May 24, 2016

std::function - to bind or not to bind?

In my previous post about delegates I wrote how to bind a member function to std::function. There was a lot of template magic involved in order to pass the correct number of placeholders. Shortly after I published I received a lot of feedback and I’m very grateful for this. One advice was not to use std::bind() at all.

I’ll paste directly the code from one of the comments and will make some time measurements:

template <class T, class R, class ... Args>
auto make_function(T t, R(T::*mem_fn)(Args...))
{
  return [t, mem_fn] (Args ... args) mutable -> R { return ((t).*(mem_fn))(args...); };
}

As you can see - it’s usual lambda that can be converted to std::function.
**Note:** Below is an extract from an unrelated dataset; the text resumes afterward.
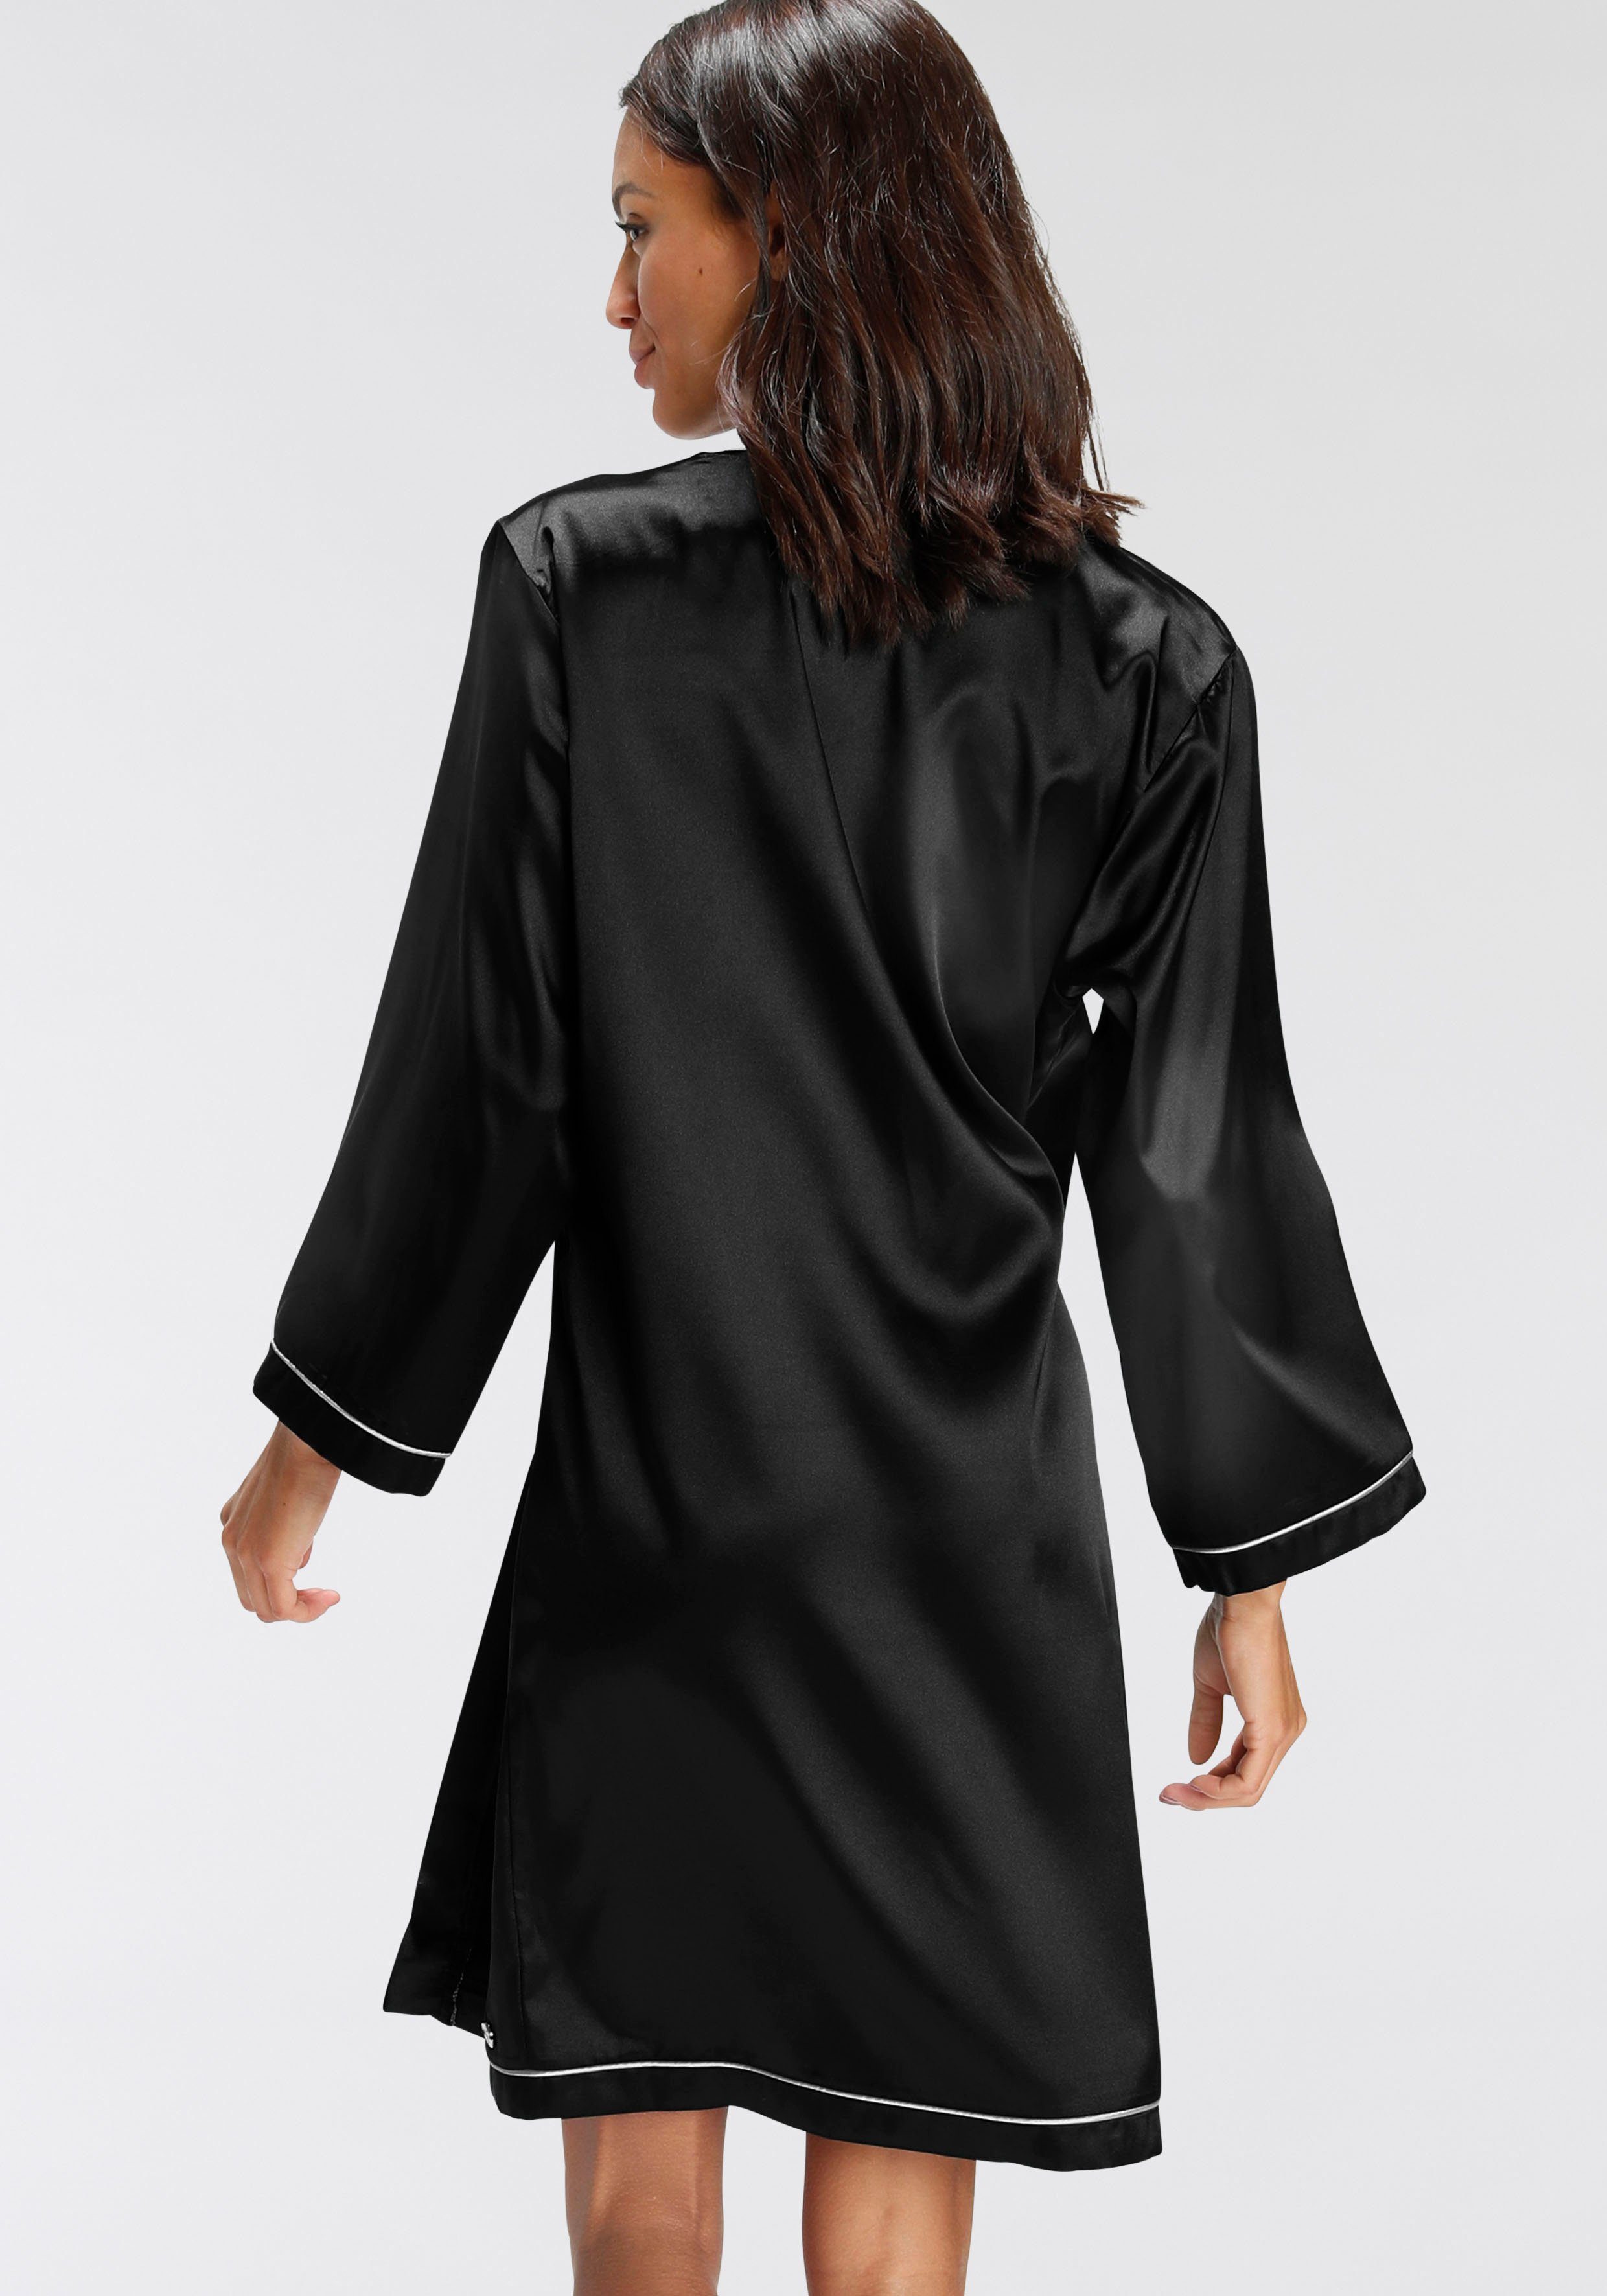 Satin, Kimono, Banani mit Kontrastpaspel-Details Kurzform, schwarz Bruno

My first thoughts were that lambda should be slower - we have a function call and a lambda call over it. To be honest, I don’t know how std::bind works, maybe it also creates some wrappers? Anyway, let’s benchmark:

struct S
{
	int foo(int a, int b)
	{
		return a + b;
	}
};

int main()
{
	const uint32_t NUM_TESTS{ 10 };
	const uint32_t NUM_ITERATIONS{ 100000000 };

	volatile int res{ 0 };

	S s;
	function<int(int, int)> f{ bind(&S::foo, &s, placeholders::_1, placeholders::_2) }; // passing an object's pointer as I did in previous article

	{
		uint64_t t{ 0 };
		for (int i{ 0 }; i < NUM_TESTS; ++i)
		{
			auto start = chrono::high_resolution_clock::now();
			for (int j{ 0 }; j < NUM_ITERATIONS; ++j)
			{
				res += f(5, 10);
			}
			auto end = chrono::high_resolution_clock::now();
			auto time = chrono::duration_cast<chrono::milliseconds>(end - start);
			t += time.count();
		}

		cout << t / NUM_TESTS << "\n";
	}

	auto* ptr = &s;
	auto fPtr = &S::foo;
	function<int(int, int)> f2 = [ptr, fPtr](int a, int b){ return ((ptr)->*(fPtr))(a, b); }; // capture pointers by copy
	
	res = 0;
	{
		uint64_t t{ 0 };
		for (int i{ 0 }; i < NUM_TESTS; ++i)
		{
			auto start = chrono::high_resolution_clock::now();
			for (int j{ 0 }; j < NUM_ITERATIONS; ++j)
			{
				res += f2(5, 10);
			}
			auto end = chrono::high_resolution_clock::now();
			auto time = chrono::duration_cast<chrono::milliseconds>(end - start);
			t += time.count();
		}

		cout << t / NUM_TESTS << "\n";
	}

	cin.get();

	return 0;
}

On my machine I have around 400ms for both std::bind() and lambda. Not bad. My previous code can be simplified dramatically now - there’s no need in std::bind() and accompanying template tricks.